宇和島の病院は、他の病院が移植を受け付けない時の駆け込み寺になっていたが、マスコミの無責任で大げさな報道のせいで、腎臓移植の道は、ますます狭くなっていく。前回の臓器売買事件や、今回の事件で、変な法律ができちゃうと、移植はできなくなっちゃう。


(石材店)「でも、こういうケースが進むと、本当は摘出しなくても済む病気の人の臓器も、
       移植目的のために摘出されちゃうようになるんじゃないですか?」
(幹事長)「実は、その問題は、ある。今回の事件で、唯一、気がかりになるのは、そもそも摘出は必要だったのか、という事じゃ


これは、臓器提供の自発性という移植医療の根幹を揺るがしかねない問題だ。移植手術に使う目的で、本当は摘出する必要がない臓器を、患者を誘導して、摘出に同意させたのではないか、という事だ。今回のケースに限って言えば、その可能性は少ないと言えよう。ドナーとレシピエントは面識が無く、あらかじめ計画的に行われた手術でもない。しかし、こういう手術が許されるようになれば、もしかしたら、臓器欲しさに、本当は摘出しなくてもいいかもしれない臓器を摘出しまくる風潮が出てくるかもしれない。その心配は分かる。

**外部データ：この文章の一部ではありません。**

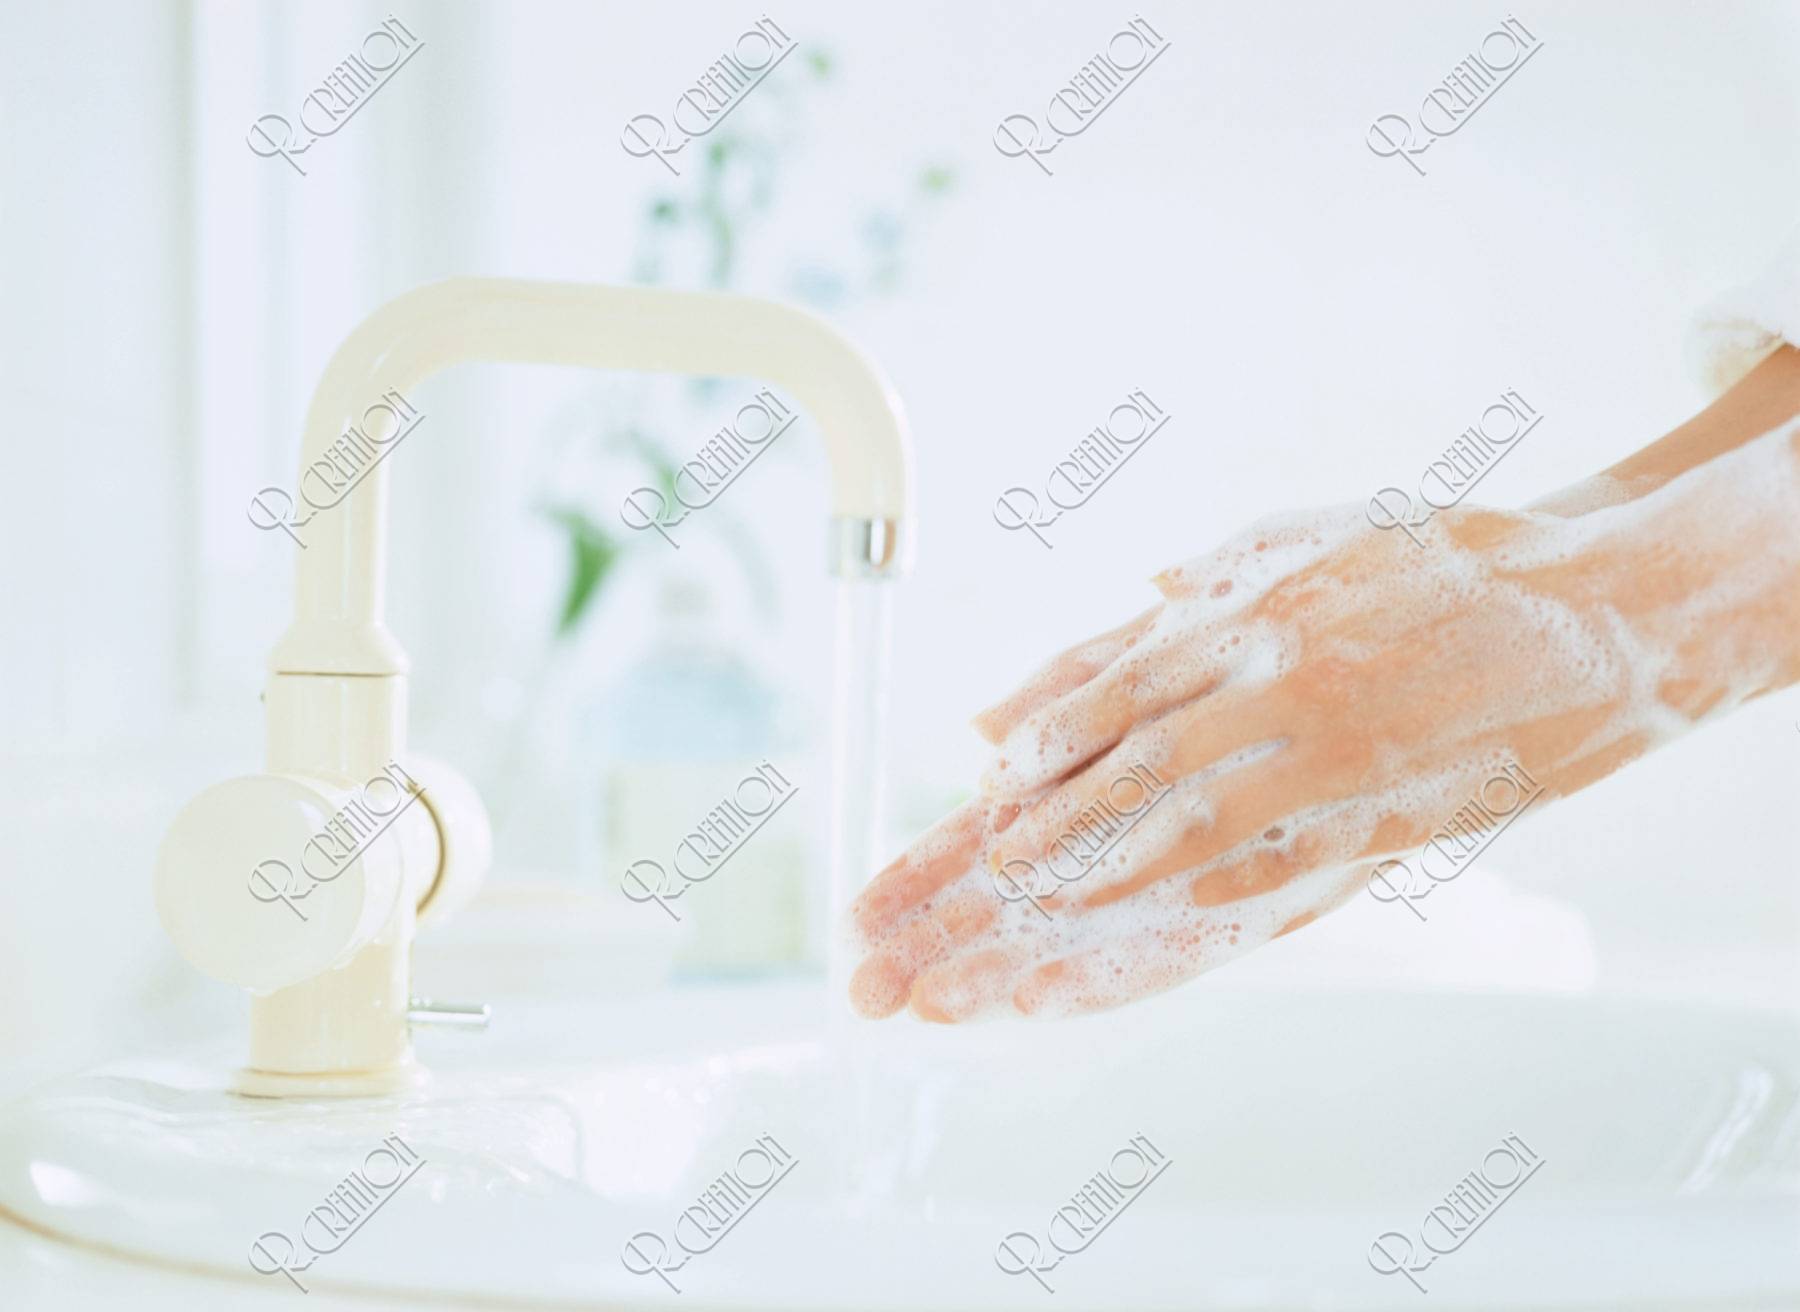 石鹸で洗う手

しかし、実は、この問題は別のところにある。移植に使うかどうか以前に、日本の病院では、何でもかんでも切りたがるという問題だ。最近の医療技術は発達してきて、ガンでも切らずに治療できるケースが多くなってきた。放射線医療や化学医療を組み合わせれば、手術するのと同等以上の効果が期待できるケースが増えているのだ。素人は、手術すれば、なんだかスッキリして完治するから好ましいような気がするが、実は手術というのは、それ自体が体に大きな負担をかけるのだ。手術している時のリスクだけではない。手術してから後も、ずうっと体に負担が残るケースも多い。それなら、手術と同じ効果が期待できるのなら、手術しない治療方法を選びたい。しかし、日本の多くの病院では、相変わらず手術ばかり勧められる。なぜか?理由は簡単だ。手術しなくなれば、外科医の仕事が無くなっちゃうからだ。外科医の仕事を確保するだけの理由で、今も数多くの不要な手術が行われている。問題の根本は、これなのだ。この方が、はるかに大きな問題なのだ。不要な手術が行われている限り、それで摘出された臓器の有効利用を図ることは悪い事ではない。

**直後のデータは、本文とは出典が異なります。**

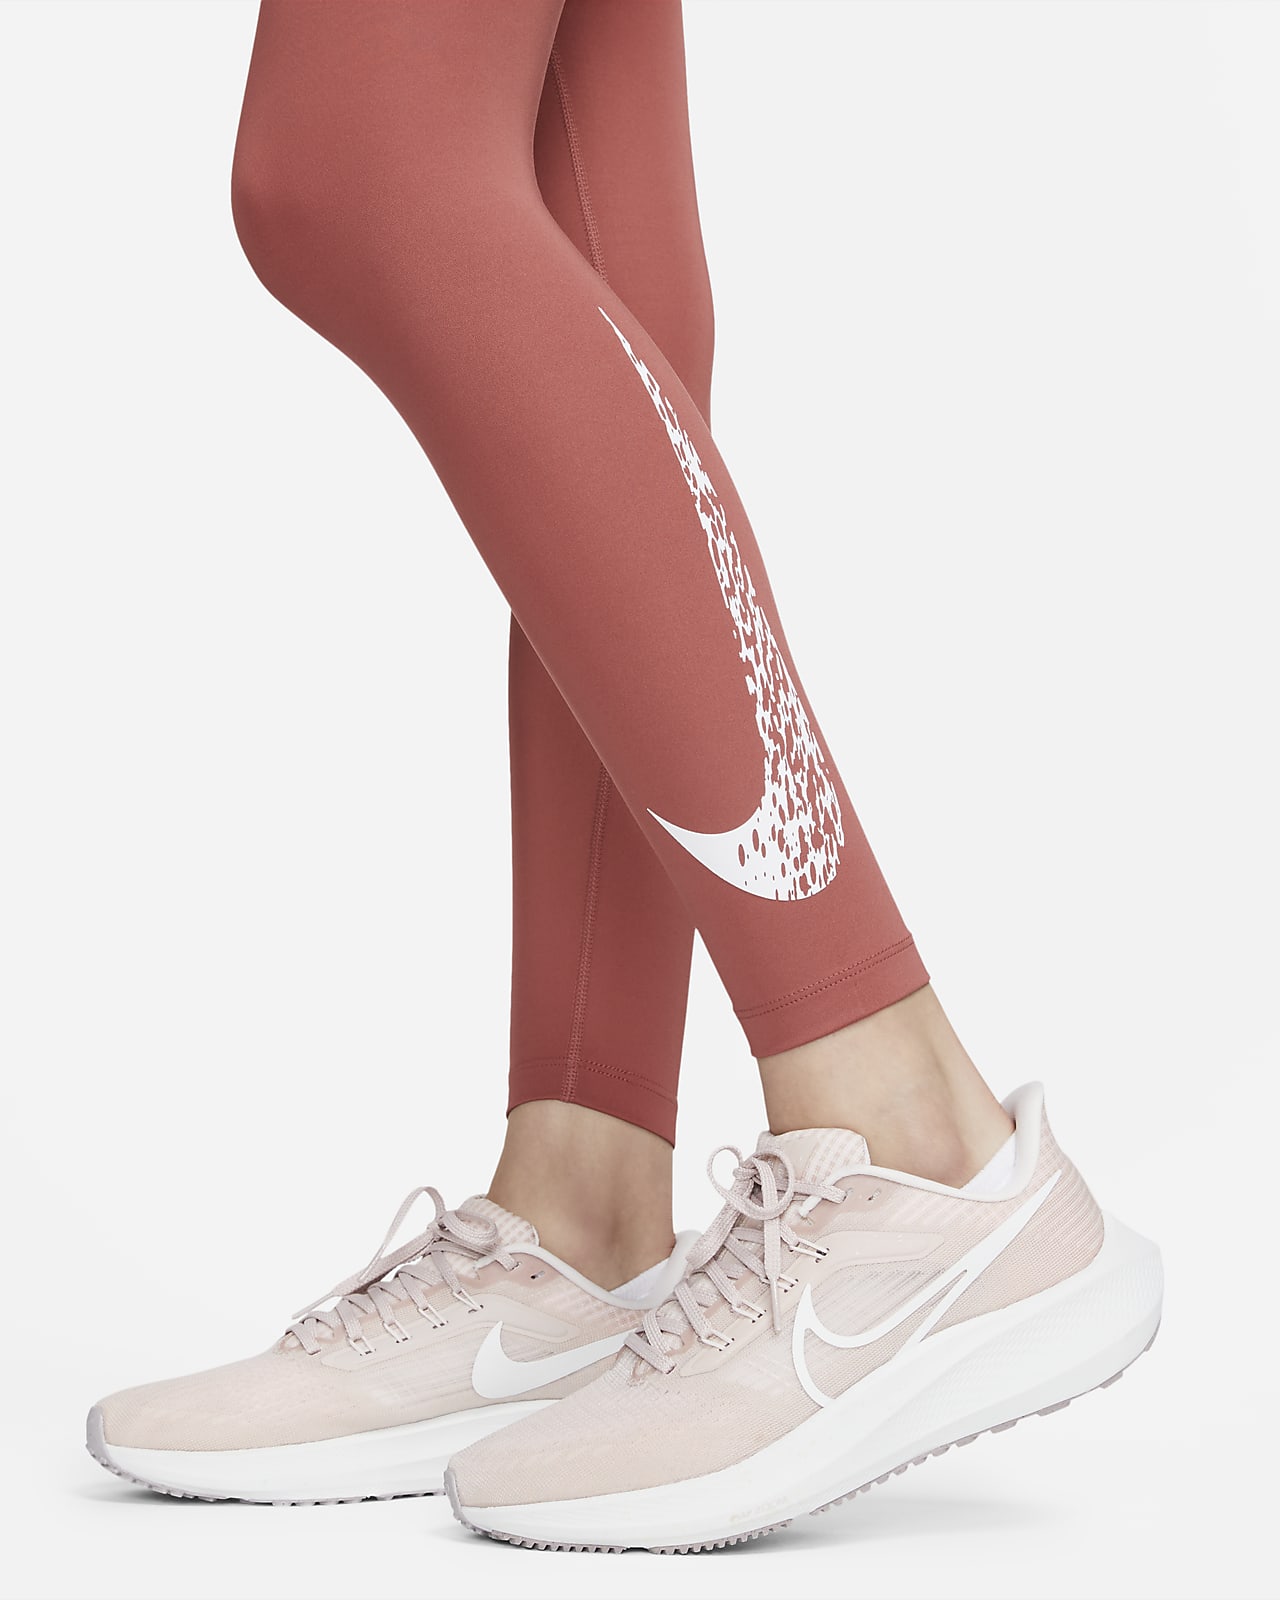 Nike Swoosh Run 7/8 Regular Waist Graphic Women's Running Tights

ところで、今回のケースを問題視しているのは、自分たちの存在を否定されかねない学会である。学会を否定する医師を再起不能にしようと思って、それこそ鬼の首でも取ったように大騒ぎで大はしゃぎだ。しかし、臓器売買は一応、法律でも禁止されているが、今回のケースは、実は法律では何の規定もない
脳死や心臓死後の臓器提供は、臓器移植法や関連法令で、その手続きが厳しく決められているが、生体臓器移植は「臓器売買の禁止」を除いて具体的な法規制は無いのだ。医療現場では、日本移植学会の倫理指針に基づいて進められているだけだ。もちろん、学会が君臨する日本の医学界においては、これは法律と同様な効果はあるが、学会に属しない病院においては、何の意味も無い。さらに、日本移植学会の倫理指針だって、実は、今回のような病気腎移植のようなケースは想定していないのだ。つまり、今回のケースは、学会は批判しているが、実は何の規定も無いのだ。仮に規定があったとしても、それは学会による学会のための規定であり、学会員以外には何の意味もないのだが。
何だかんだと大騒ぎする以前に、そもそもちゃんとした法律を作るべきではないだろうか?